Gaddafi under pressure as travel ban issued
The European Union, moving quickly to avoid a descent into civil war and further bloodshed in Libya, said it had imposed an asset freeze and visa ban on Gaddafi and 25 others accused of brutalising civilians.
In line with a UN resolution adopted on Saturday, the 27-nation bloc banned the supply to Libya of arms, ammunition and related material.
The EU also said it was making contact with Libyans seeking to overthrow Gaddafi’s regime, a day after Washington said it was ready to assist the pro-democracy protesters who have overrun key cities and now control vast swathes of the oil-rich North African state.
Gaddafi’s crumbling regime now controls only some western areas around the capital and a few long-time bastions in the arid south, reporters and witnesses say as France, the United States and Britain urged him to step down.
The US froze €30bn worth of Libyan government assests.
The EU’s energy commissioner said Gaddafi’s regime no longer controls most of Libya’s oil and gas fields as they have fallen in the hands of the opposition.
“There is reason to believe that the majority of the oil and gas fields are no longer under Gaddafi’s control,” Gunther Oettinger told a news conference.

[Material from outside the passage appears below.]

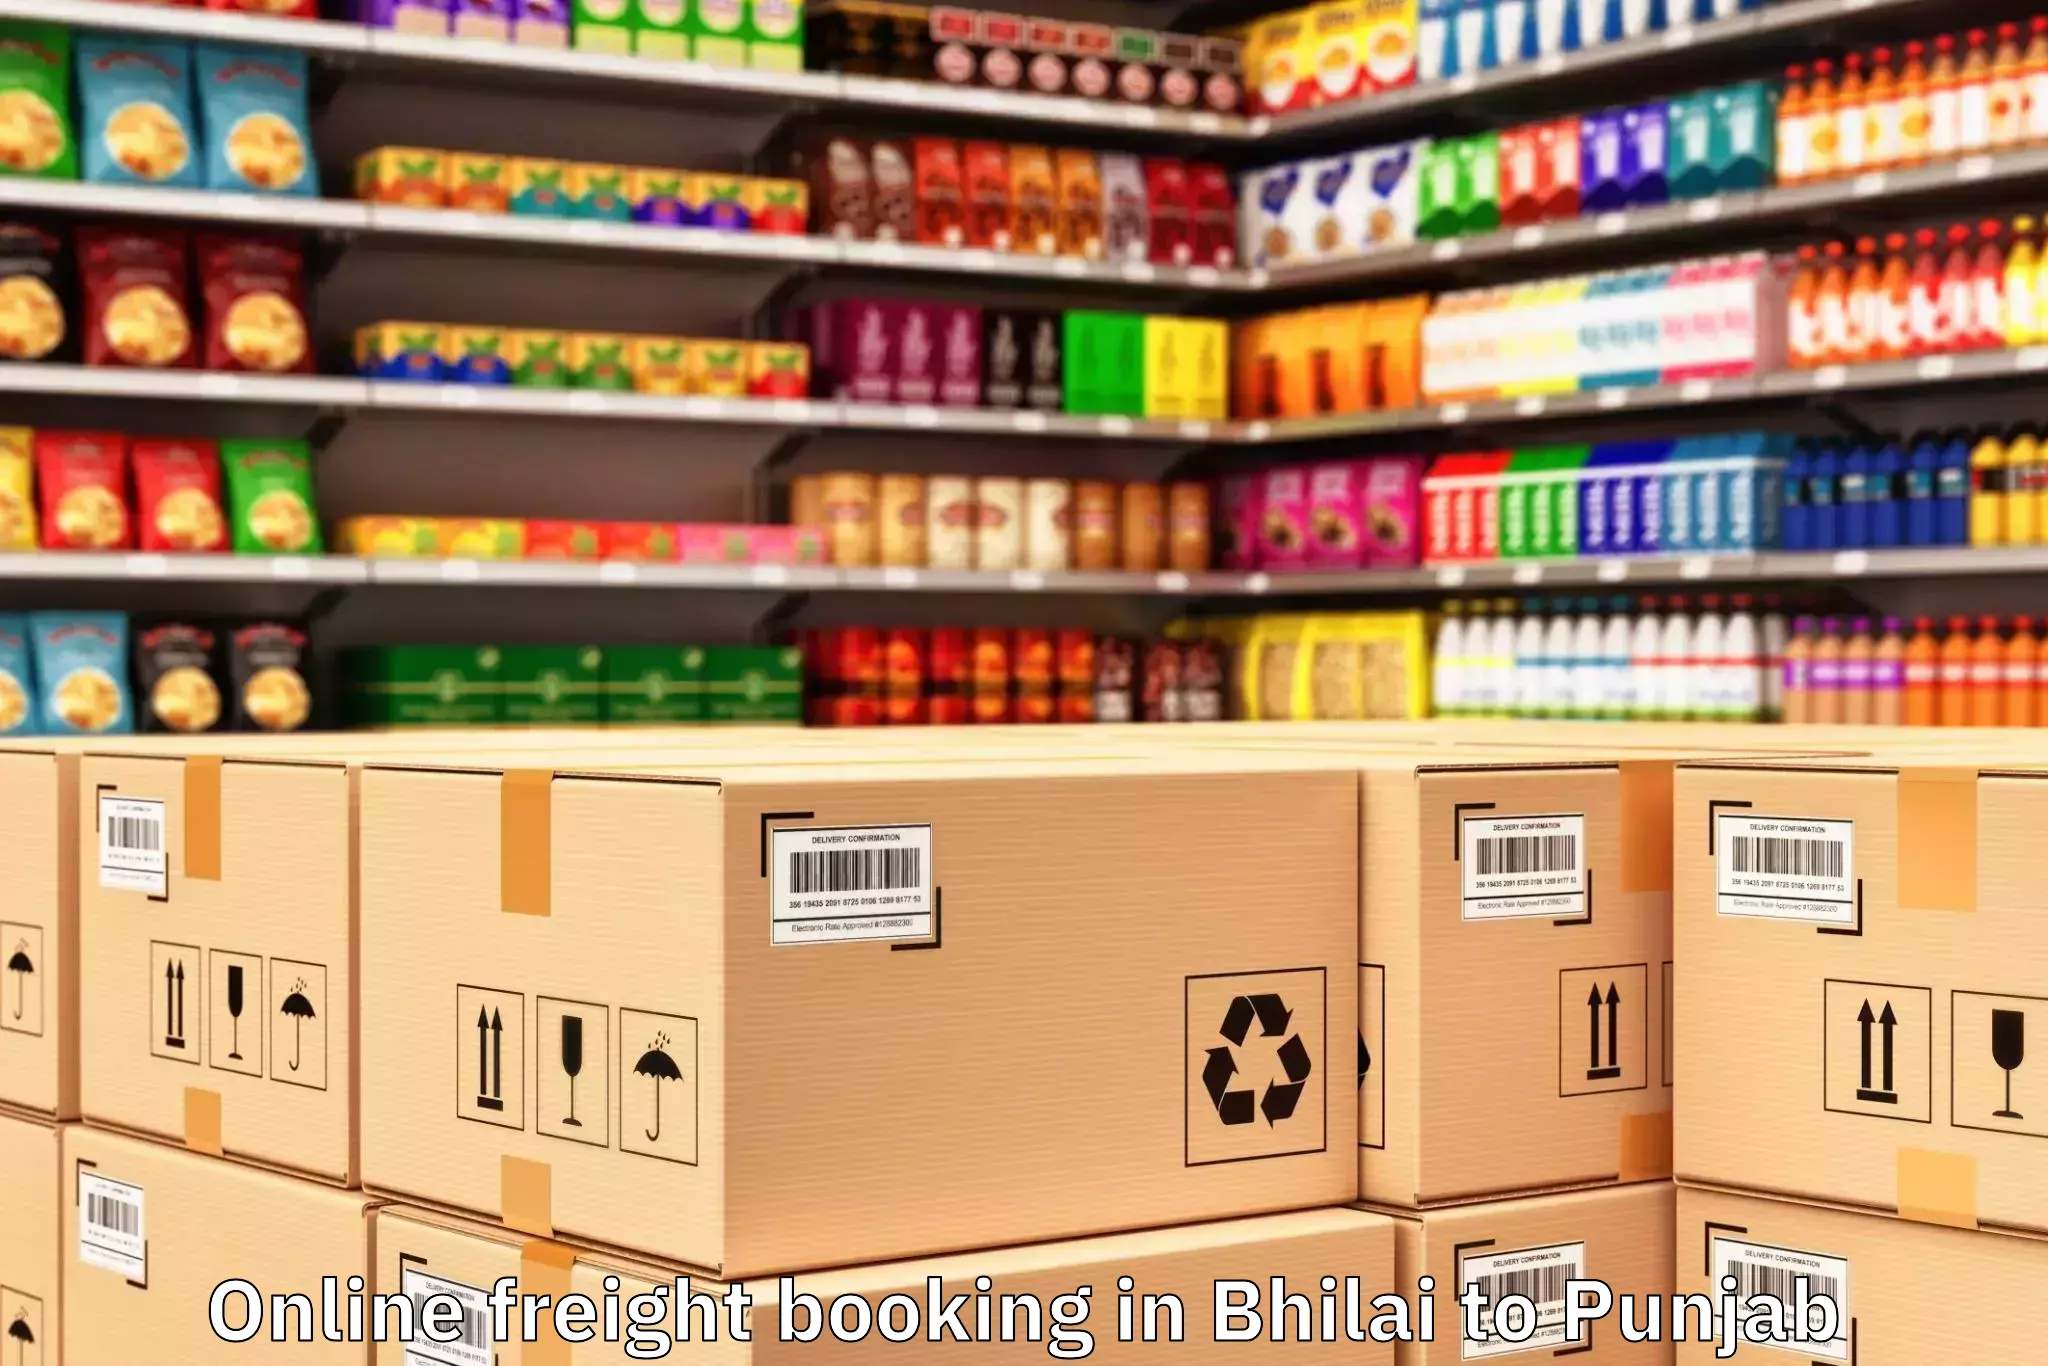 Bhilai to Punjab Online Freight Booking

A travel ban meanwhile was also slapped on Egypt’s ousted president Hosni Mubarak.
Besides Mubarak, who resigned and retreated to his home in Sharm el-Sheikh on the Red Sea on February 11 following weeks of protests, the decision also applied to his wife Suzanne, his two sons Ala and Gamal, and their wives.
Mubarak is thought to have grown wealthy during his rule, with the state- owned Al-Ahram newspaper reporting that his family had “secret accounts in Egyptian banks,” including deposits of $147 million (€107m) for his wife and $100m each for his sons.
Egyptian authorities have launched numerous judicial proceedings against those close to Mubarak, most of them based on accusations of corruption and fraud.
US Secretary of State Hillary Clinton said that backing political transitions in the Arab world was not just a matter of ideals, but a “strategic imperative”.
“The United States supports orderly, peaceful and irreversible transitions to real democracies that deliver results for their citizens,” she told the UN Human Rights Council.
Even as she was speaking, fresh clashes erupted between Omani police and protesters, a day after police killed at least one as the turmoil rocking the Arab world reached the normally calm Gulf sultanate.
Hundreds of demonstrators stormed a police station in the key industrial area of Sohar, northwest of the capital Muscat, and police responded by firing tear gas, witnesses said.
The protesters, who are demanding jobs and political reform, continued to man roadblocks around Sohar despite the announcement by the authorities of new benefits for the jobless and more powers for an elected advisory council.
In Algiers, a man died after setting himself alight at the weekend in a protest in front of a government office, the El Watan daily newspaper reported.
It was the fifth death by self-immolation in Algeria since mid-January, soon after days of rioting across much of the country to protest soaring food prices.
About a dozen people have carried out similar protests since then.
The self-immolation of a young Tunisian in December unleashed weeks of protests in that country that toppled president Zine El Abidine Ben Ali after 23 years in power. Similar protests have spread across the Arab world.
In Manama, Bahrain’s Crown Prince Salman said efforts were under way to launch talks with the opposition, which is demanding major political reforms amid a wave of anti-government protests.
The sweeping unrest has affected financial markets, with stocks listed in the energy-rich Gulf states dropping sharply.